使用增强图像和其他功能的Keras迭代器

pythonkerasconv-neural-networkdata-augmentation

10

假设你有一个数据集，其中包含每个图像的图像和一些数据在.csv中。您的目标是创建一个卷积分支和另一个（在我的情况下是MLP）的NN。

现在，有很多指南（例如这里和这里），介绍如何创建网络，这不是问题。

问题是，当convolution_input来自Keras ImageDataGenerator 流添加了增强图像时，如何创建形式为[[convolution_input, other_features], target]的迭代器。

更具体地说，当第n个图像（可能是增强图像或非增强图像）被输入NN时，我想要其原始特征在other_features中。我发现有一些尝试（在这里和在这里），第二个看起来很有前途但我无法弄清如何处理增强图像，它们似乎没有考虑到 Keras 生成器可能进行的数据集操作。

- Lamberto Basti

1

问题：您是否可以使用flow，或者需要使用flow_from_directory？(flow表示您可以将所有图像加载到内存中) - Daniel Möller

我只想要一个自动处理图像转换的流程。在我的情况下，我使用了 flow_from_dataframe，因为我有文件名、特征和类别。 - Lamberto Basti

1个回答

网页内容由stack overflow 提供, 点击上面的

可以查看英文原文，
原文链接

- venkata krishnan · Accepted Answer

假设你有一个CSV文件，其中包含图像和其他特征。其中，“id”表示图像名称，后跟特征，再后跟目标值（分类为类别，回归为数字）。

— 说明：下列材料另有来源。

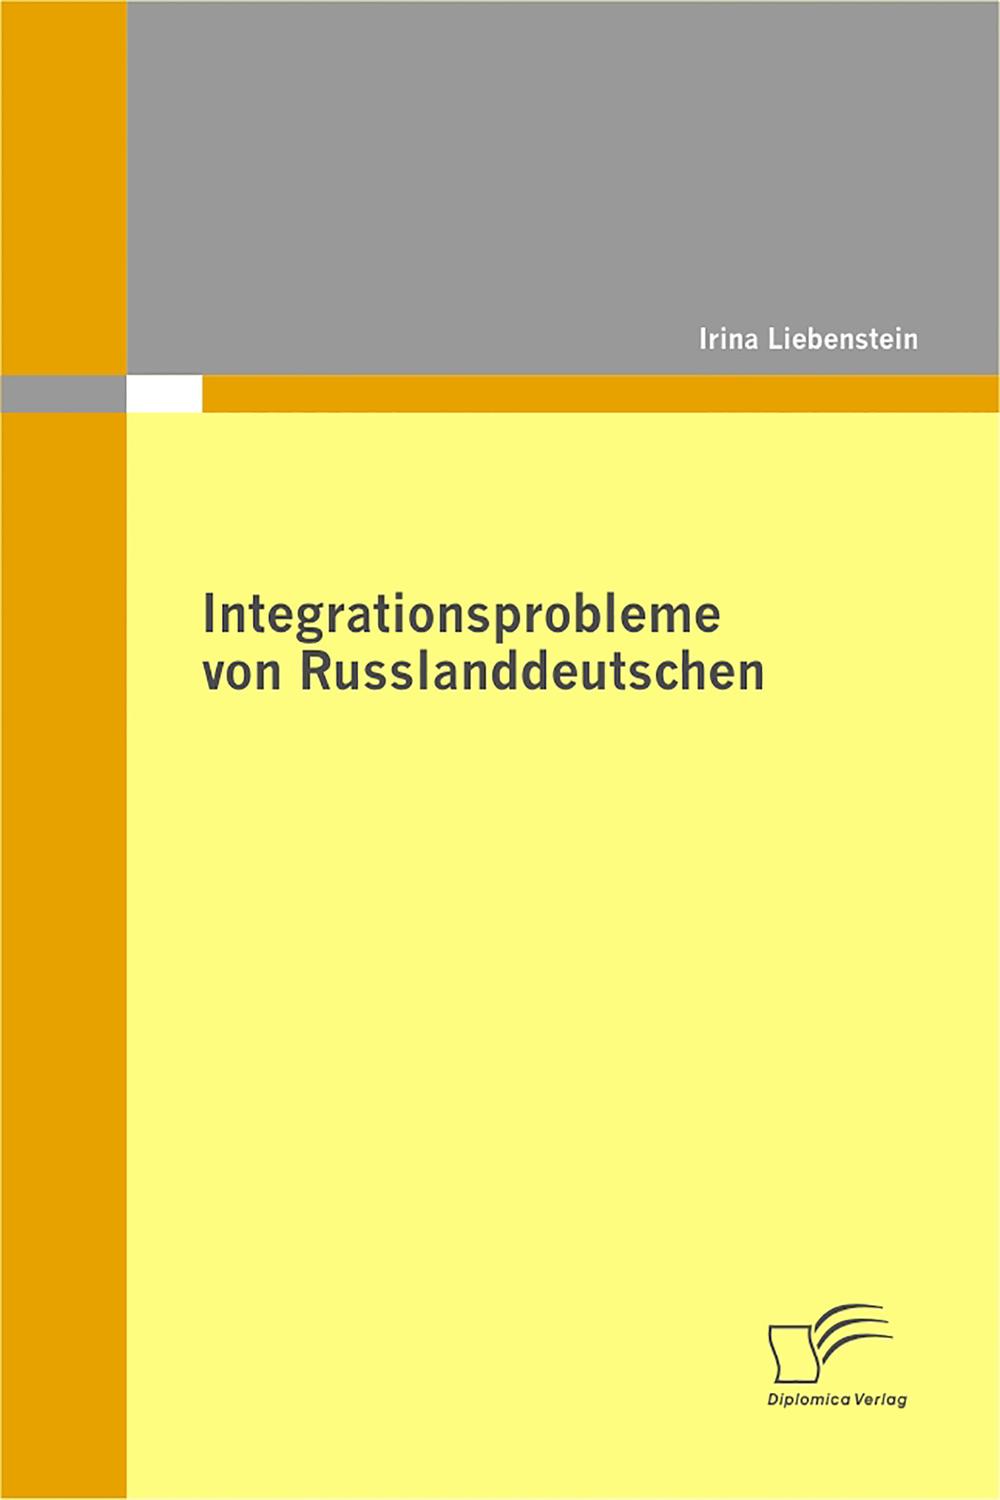 Integrationsprobleme von Russlanddeutschen - Irina Liebenstein

|         id          | feat1 | feat2 | feat3 | class |
|---------------------|-------|-------|-------|-------|
| 1_face_IMG_NAME.jpg |   1   |   0   |   1   |   A   |
| 3_face_IMG_NAME.jpg |   1   |   0   |   1   |   B   |
| 2_face_IMG_NAME.jpg |   1   |   0   |   1   |   A   |
|         ...         |  ...  |  ...  |  ...  |  ...  |

首先，让我们定义一个数据生成器，稍后我们可以对其进行覆盖。

我们可以从CSV中的pandas数据帧中读取数据，并使用keras的flow_from_dataframe从数据帧中读取。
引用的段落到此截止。